▶ **ASSIGNED TASK**
Please return the full listing word for word, leaving out any pictures.

----- INFORMATION SHOWN

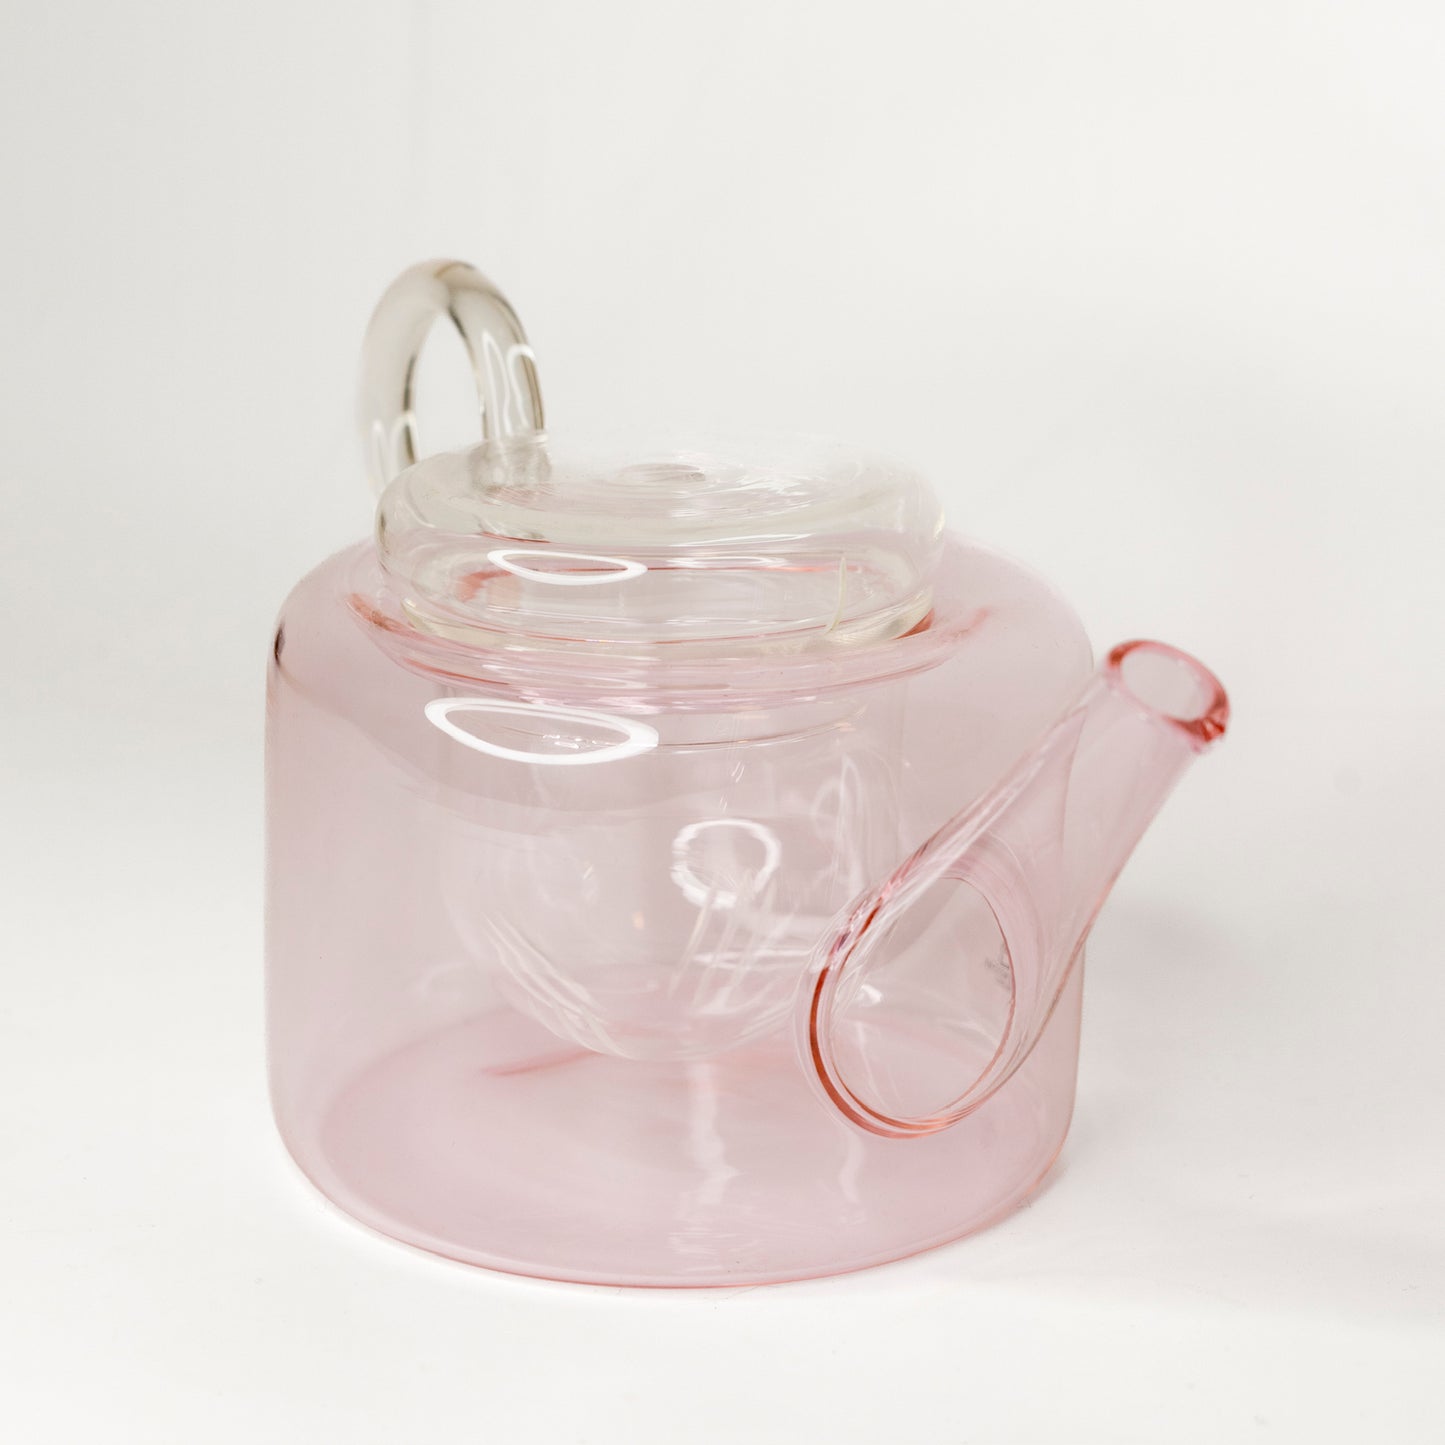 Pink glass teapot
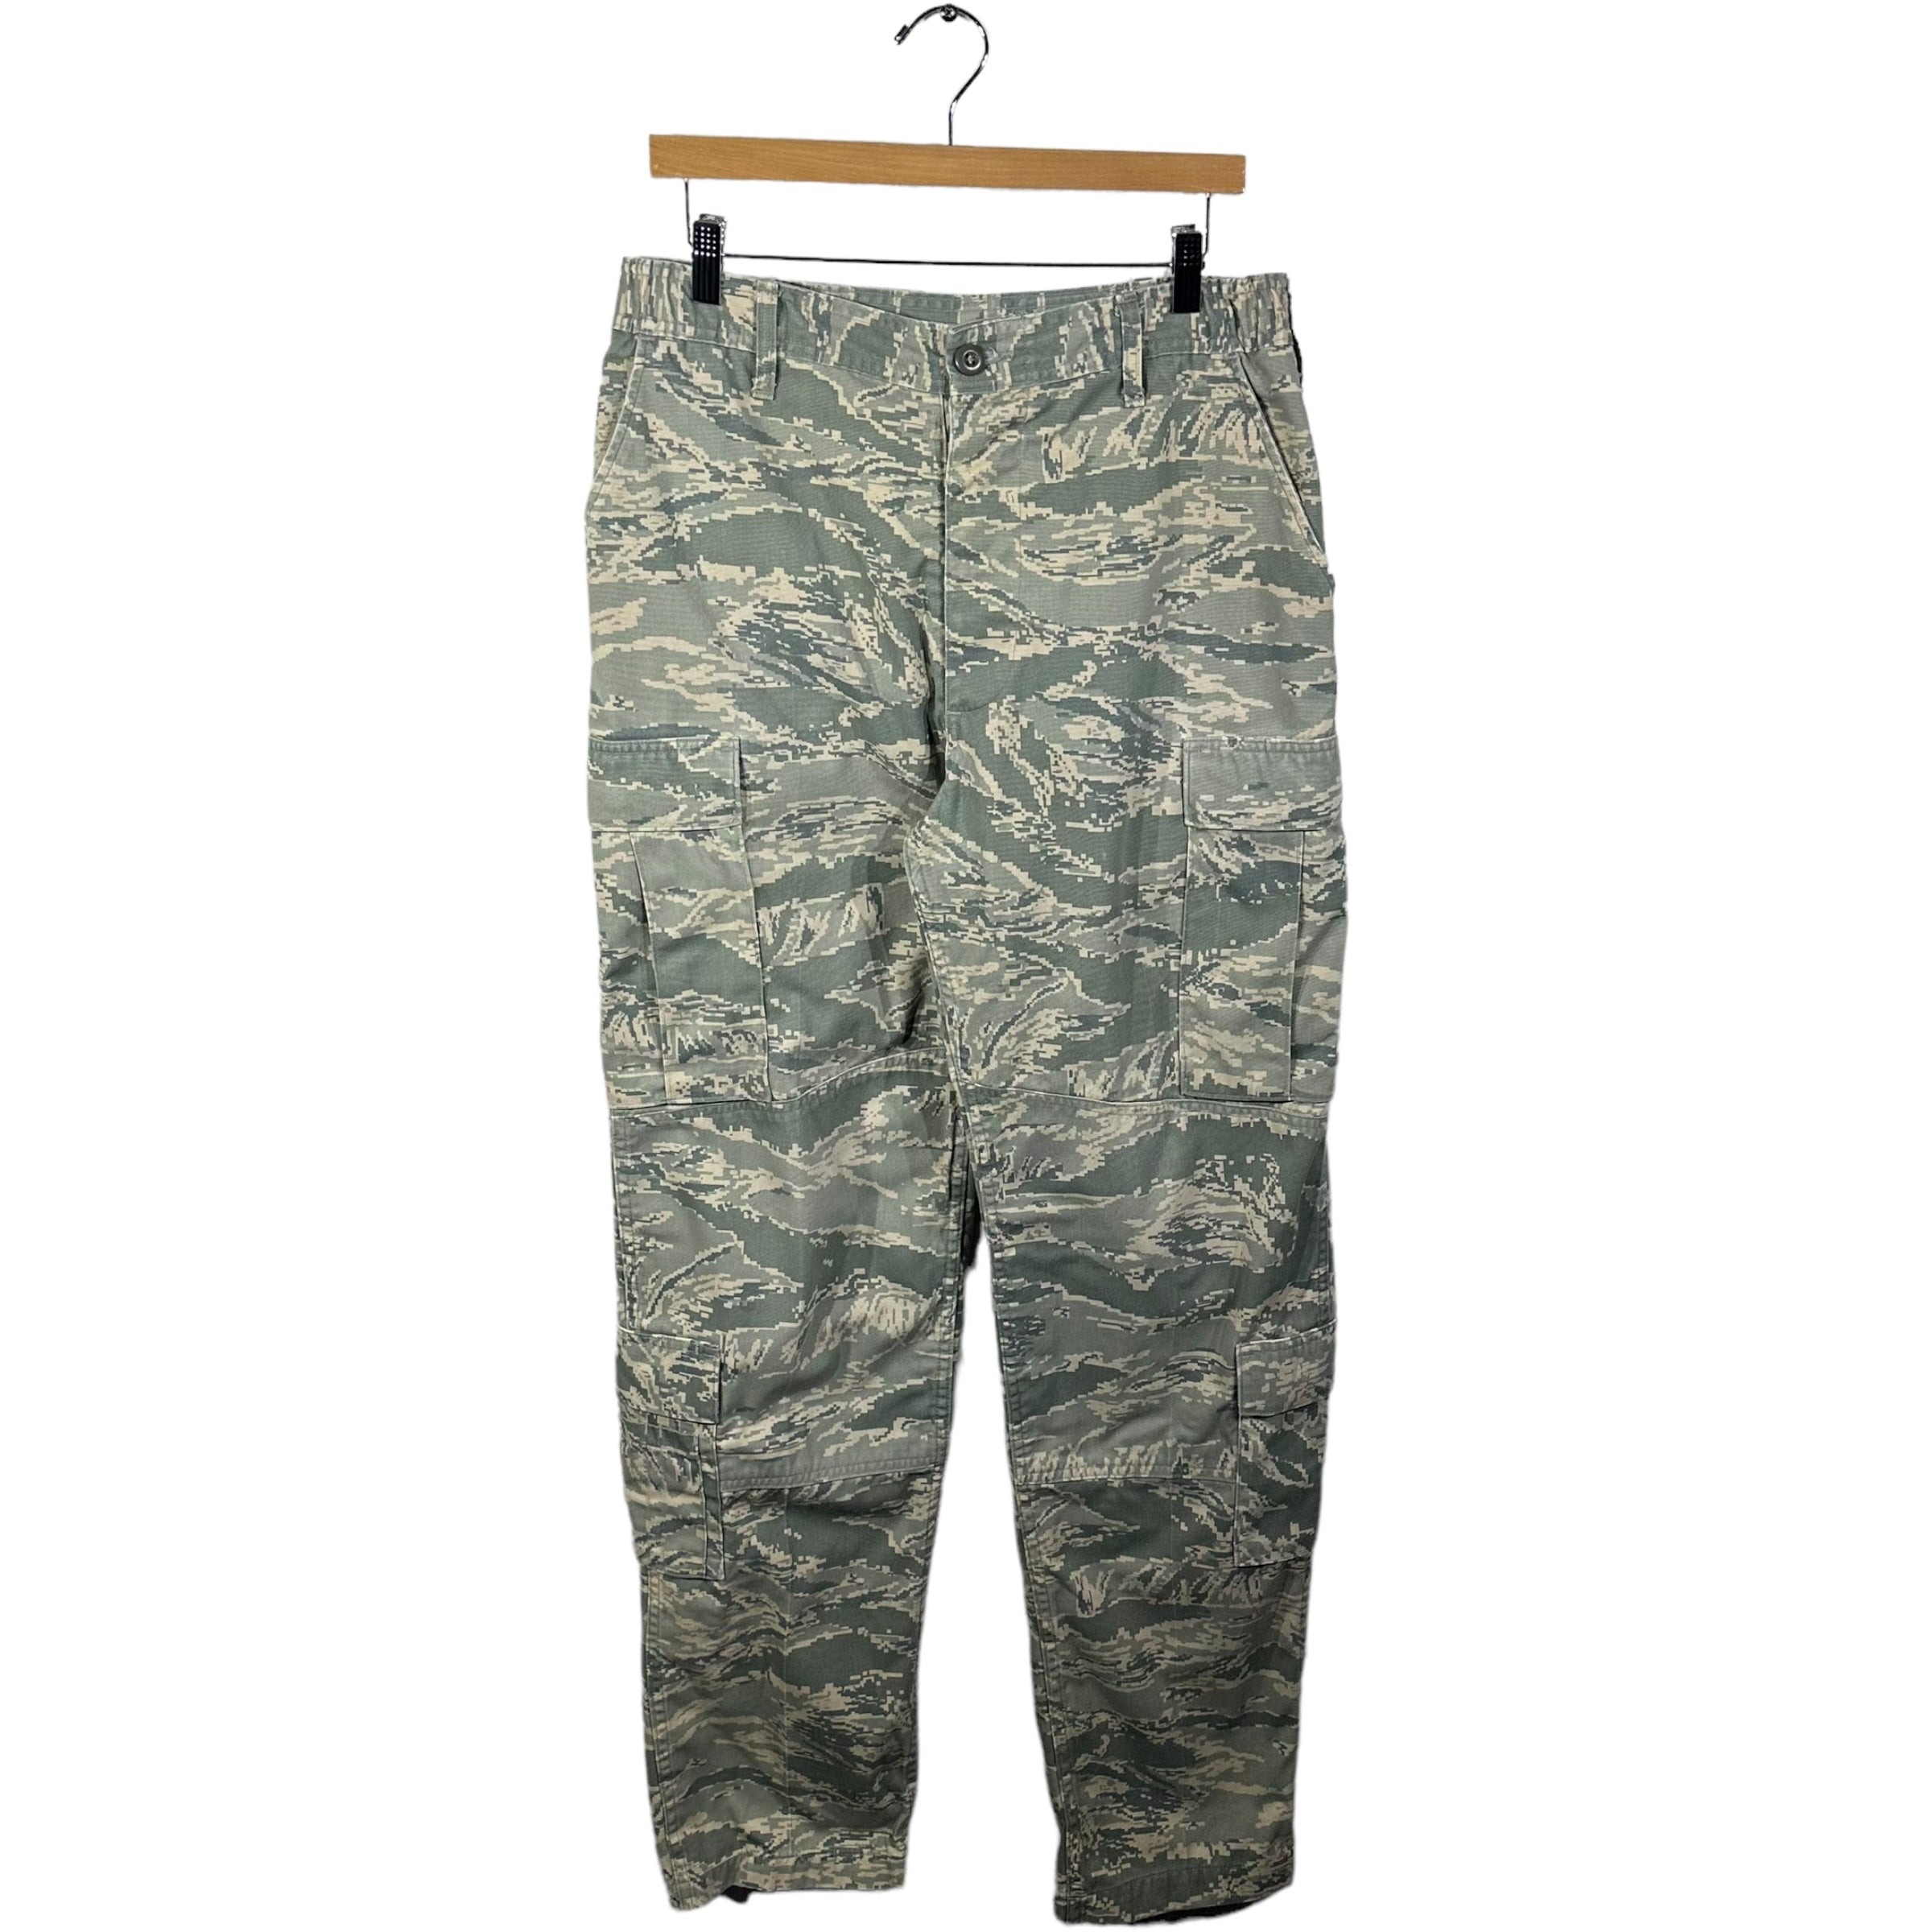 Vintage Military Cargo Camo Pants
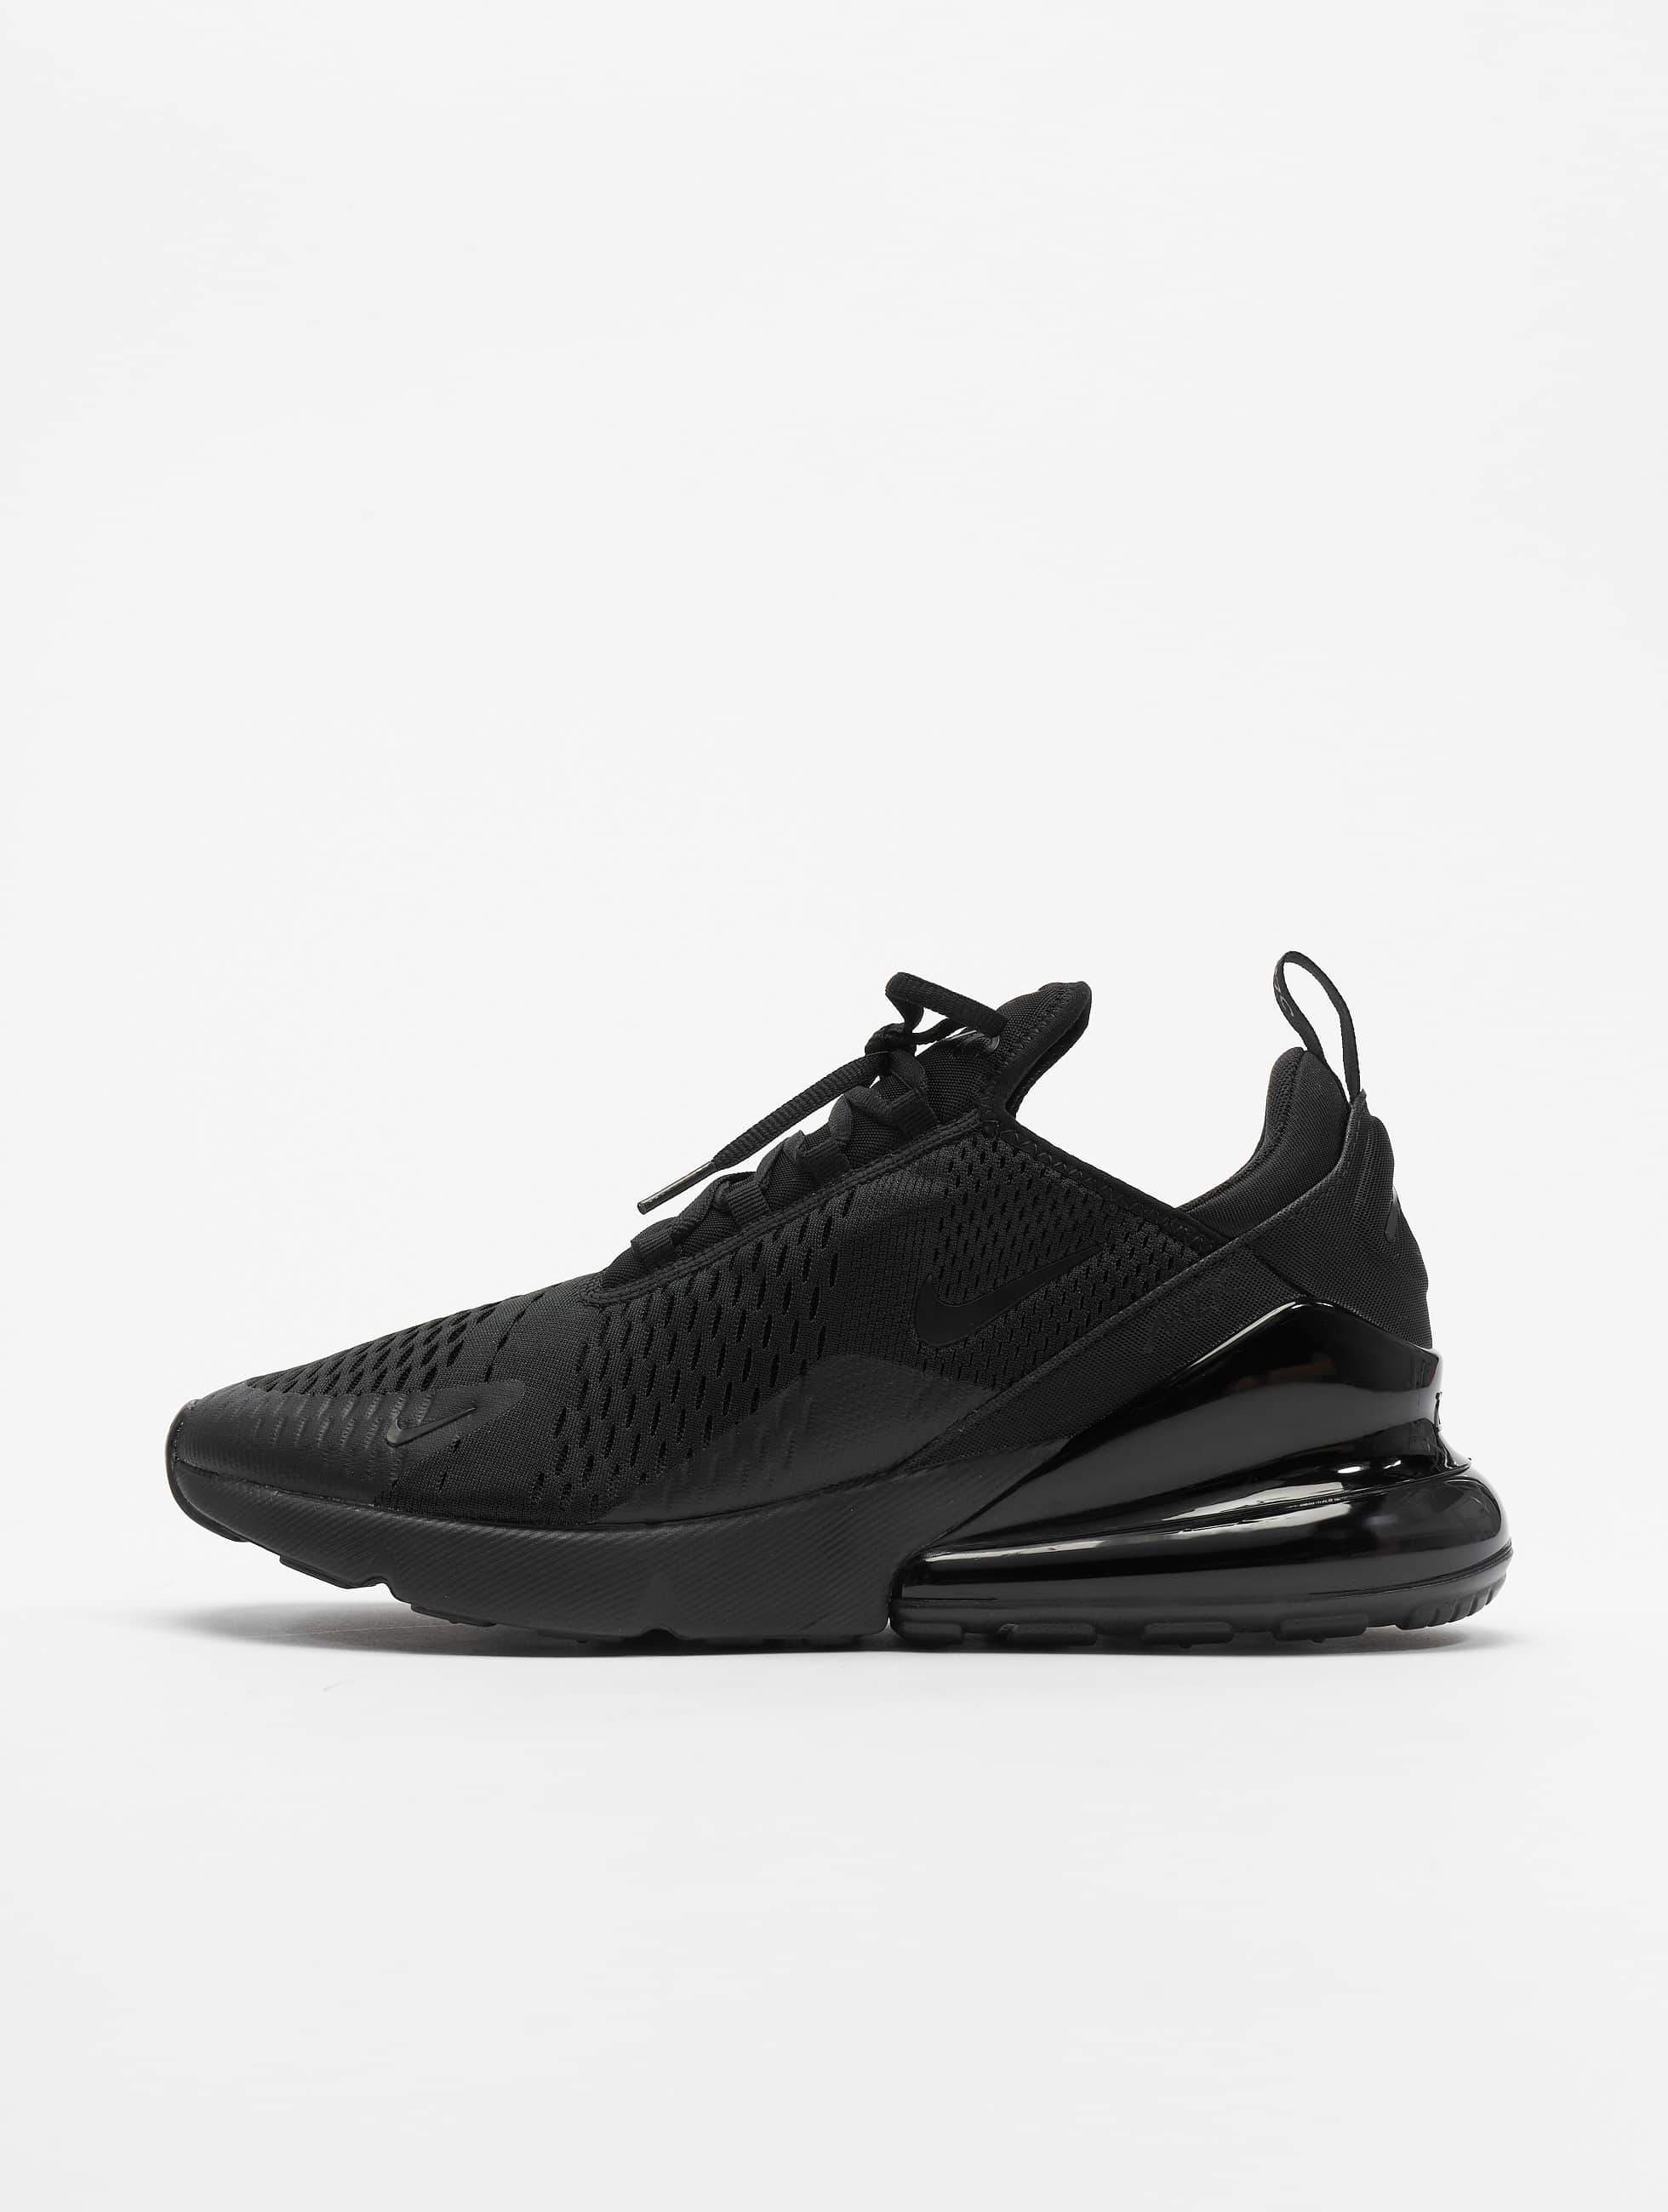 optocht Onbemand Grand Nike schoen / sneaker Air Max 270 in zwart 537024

----------

▶ **EXERCISE OUTPUT**
 Pink glass teapot
 Vintage Military Cargo Camo Pants
 optocht Onbemand Grand Nike schoen / sneaker Air Max 270 in zwart 537024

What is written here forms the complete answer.